What does it look like if we do this if
we do like an annual upfront option and
with and without a discount or raising
prices for people who, who are monthly,
but then locking in the price of their
annual, it did a pretty good job.
It sometimes it got confused as to which
number was which but then I clicked on the
analyzing tab and I don't know if you've
seen this, but like my brain broke a
little bit when I saw it because I opened
it and it was like writing Python code.
And just to be able to see, because
like, I understand the whole like prose
piece of this is that it's looking at
what the most next, you know, likely
word is, but it's like writing code.
And so there is it, I don't understand
how it could possibly do that.
CJ: Yeah, yeah, there's like, I was blown
away by that to the uh, by default, like
an LLM is like not good at math, right?
If you ask it, what is you know, if
there's three people in a room and there's
four pizzas and there's six slices, like
how many slices can each person eat or
whatever, like it can't figure that out.
just based on the things you're
giving it because it doesn't know
those exact numbers in a text that
it's read before probably like
Colin: and so what's the next
probable person, like, how many
pieces of pizza did the person eat
in a book that it read once, right?
CJ: exactly and then just spits out yeah
it'll just be like whatever whatever
number it's seen before because that's
like the token that it knows next but yeah
they're like code the code execution or
whatever i can't remember what's called
the whatever gpt4 where it will write
the code for you to answer the question
that that has been kind of like mind
blowing So yeah, this is a pretty sweet
though that the analyze the analyze step.
I think a lot of people are
kind of freaked out too by
what is this black box doing?
And like, what are the, yeah,
what are all the citations?
Like, where's it getting the information?
How do you make sure that you're.
Attributing your sources and then how
are you finding the answer to that?
Like, how can we check your work sort of?

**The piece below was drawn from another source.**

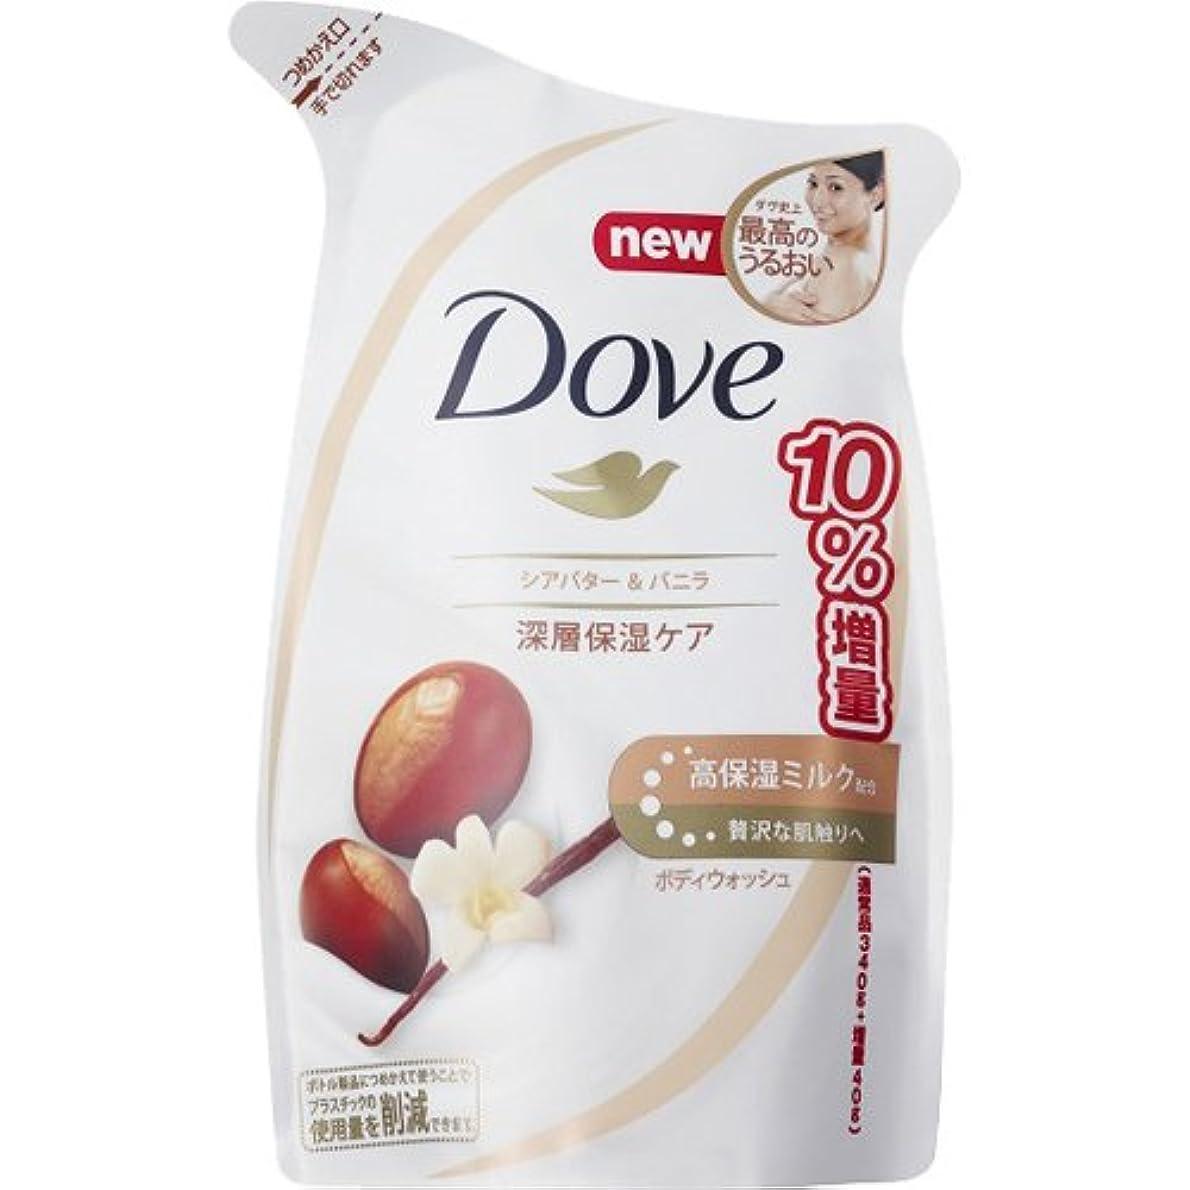 粗い有害な摂氏ダヴ ボディウォッシュ リッチケア シアバター&バニラ 詰替 増量品 380g

And so it feels like an important step.
I think right now, if I remember
correctly, it only runs Python.
Like it only knows how to execute Python.
And.
Yeah.
So I wish it would, you could just
tell it, like write it in Ruby
and then run the Ruby, like to
figure out the answer or whatever.
So were the numbers based on the, the
numbers that you saw and the stuff
that you learned from Annie Duke's
book, do you feel like you're able to
sort of like draw a line in the sand
and say like, okay, if we make this
change, then by X day, if we don't hit.
Y number, then we'll change prices again,
or we'll kind of like re evaluate or yeah.
So like, what's your,
where are you at right now?
Mm.
Mm.
Mm.
Colin: what I, what I really
enjoyed watching the Python
do was seeing how it was.
Like it's what I would have had to
do by hand in the spreadsheet and I
was going to, and I just wanted it
faster and I wanted to run it a bunch
of different ways really quickly.
And so what was interesting is
that like we, we were under this
assumption that like raising prices
would be like a silver bullet.
And the problem with rising prices,
as most people know, is that you rock
the boat for all of your customers.
Right.
And so I was looking at it and
it's like, it's not going to make
a huge difference versus getting
like three or four more members.
So what can we do to go
get four more members?
Unfortunately, it's like four more
members at the more expensive membership.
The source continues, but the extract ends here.